If what I’m about to read is what I suspect, no amount of manipulation will sway me. I retrieve her goodbye note, tamping down my anger and frustration. Valentino is barely containing his rage. Adding mine to it doesn’t bode well for either of us.

Valentino and Tácito,

Today reinforced all the reasons I need to walk away. I’ve agonized over this decision throughout the years and have been too cowardly to act on it. There’s no longer time to procrastinate. My presence only brings strife into your lives, and I can’t be the reason for your stress and unhappiness.

Writing this note may seem like a shitty excuse, but I’m not strong enough to walk away in person, and you two are too loyal to let me. I will always treasure our years of friendship and I wish you a bright and happy future.

Sloane

I thought I’d be angry to discover she intended to leave. What I felt was kindling compared to the forest fire burning through my body. Her written words feed the furious conflagration, and I crumple the letter in my fist. Methodical step after step, I approach the prone woman who has caused me unmistakable heartaches and joys.

Whatever is written on my face, it alarms Valentino enough that he swings his arm in my path, barring my progress and holding me back from Sloane. I shove her letter into his chest but don’t wait for him to read because I’m going to force common sense and some hard truths down Sloane’s pretty throat until she never spews her asinine reasons again.

“All this time you were looking for an excuse to abandon us? To wipe out our history as if we were nobodies?” I use my voice because signing isn’t enough to convey the depths of my fury.

“No, never that. I could never treat you like strangers. Don’t you see?”

“No, I don’t. Clarify things for me.”

“Yes, I’d like to hear what bullshit you think will ever make this alright.” Valentino lowers his arm.

We both glower at Sloane. I harden my heart to her desperate tears. She blinks them away, but new ones replace the old. She’s never liked anyone seeing her cry. The only times I witnessed her succumbing to tears were purely by accident, and she swore to make me a eunuch if I breathed a word to anyone.

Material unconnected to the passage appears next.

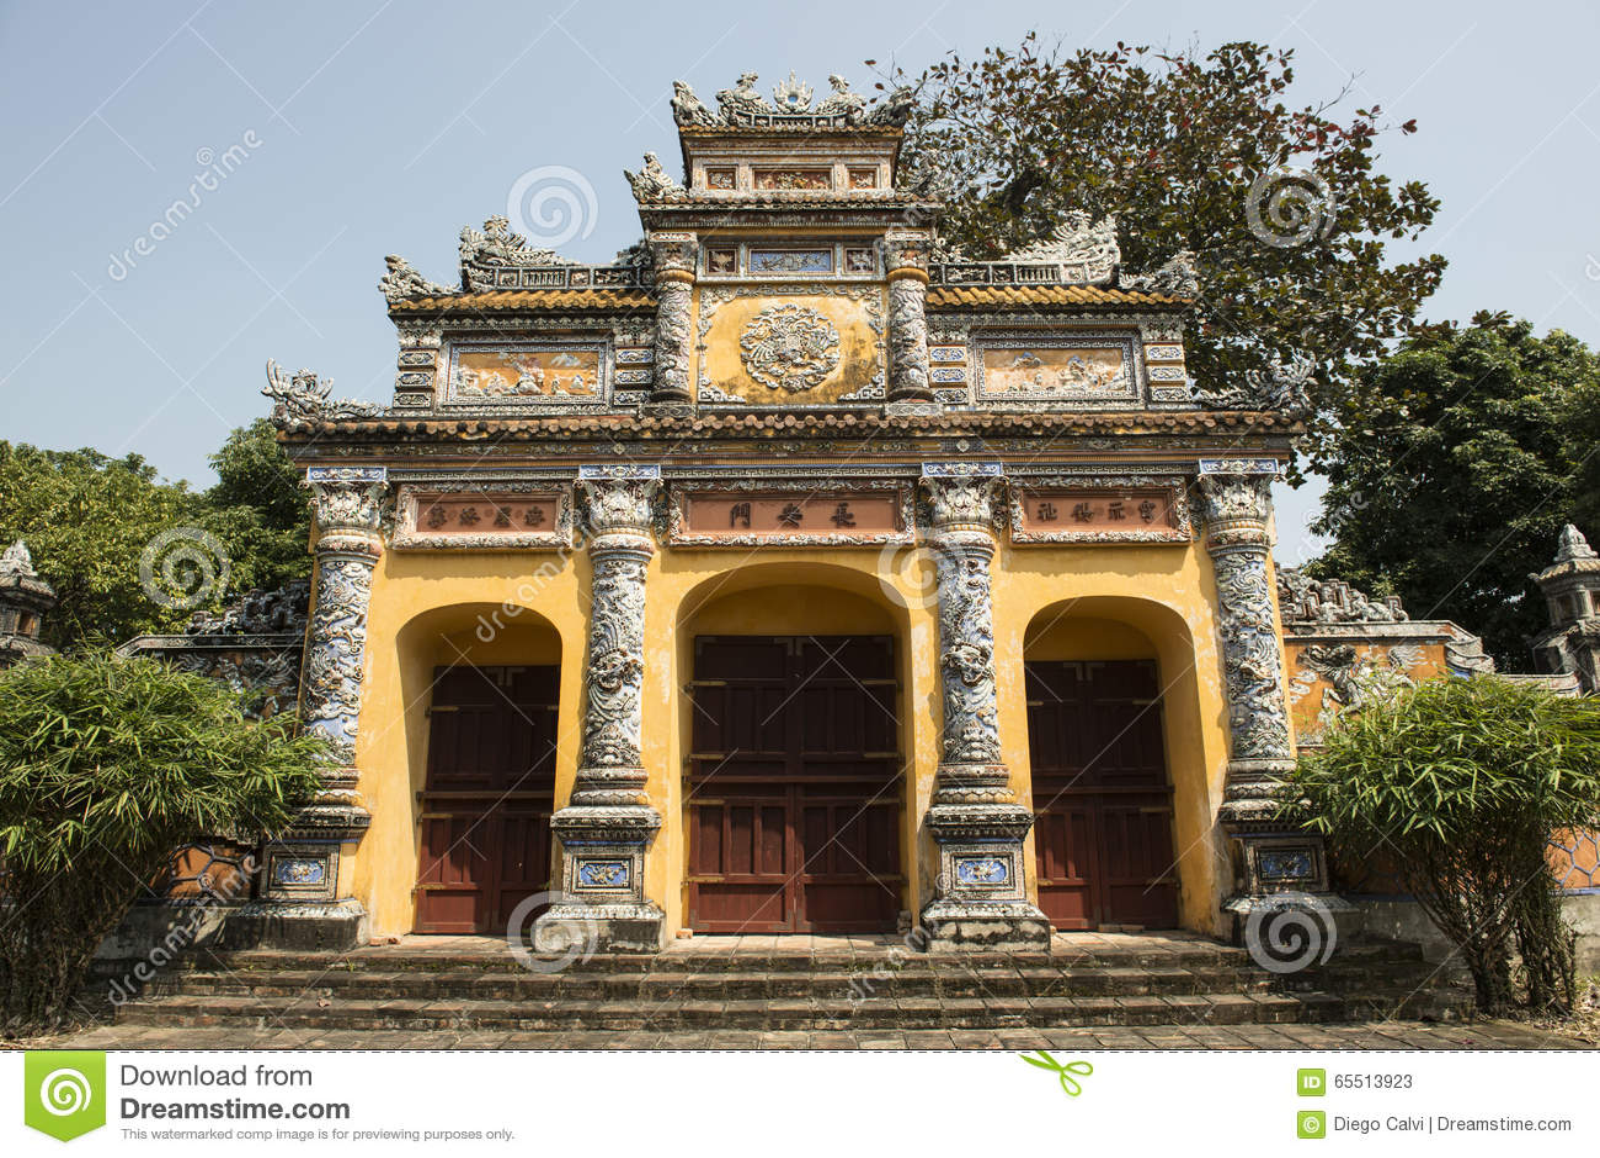 Gateway in the Forbidden Purple City in Hue, Vietnam.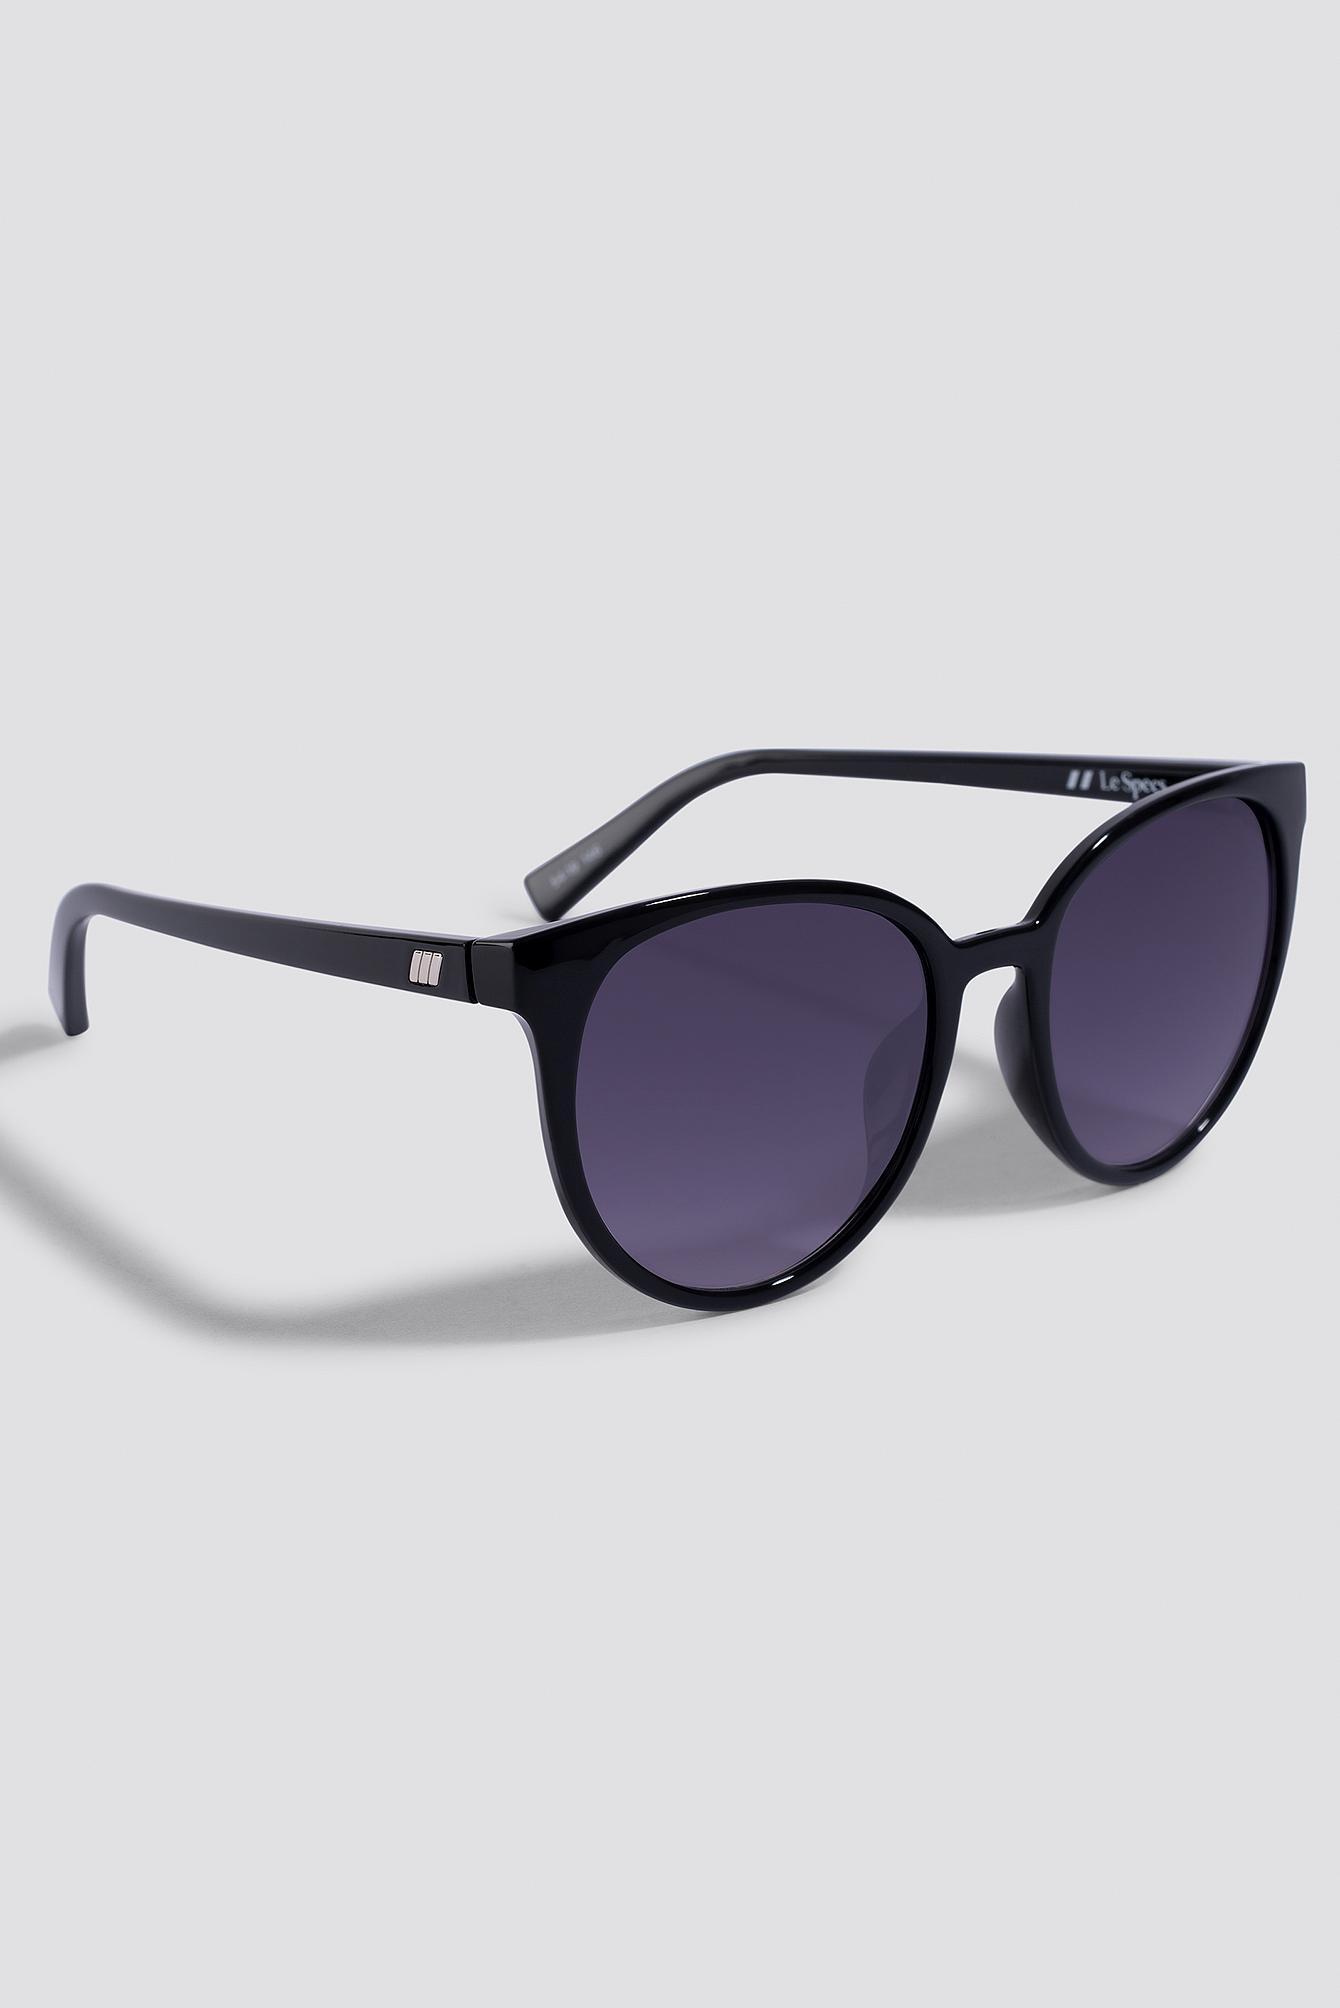 9d64699956 Lyst - Le Specs Armada Black smoke in Black

She stops fighting her binds and looks to the ceiling, but she can’t hide the glassy sheen over her eyes that haven’t cleared since I walked into the room. “I’m a taker! All I’ve done our entire lives is take from you two.” She tucks her face into her shoulder to wipe the evidence of her distress away. “I can’t keep pretending that I bring anything to the table. Neither can you. I was powerless to help when Giulio attacked Tácito. As far back as I can remember, I’ve always been powerless.”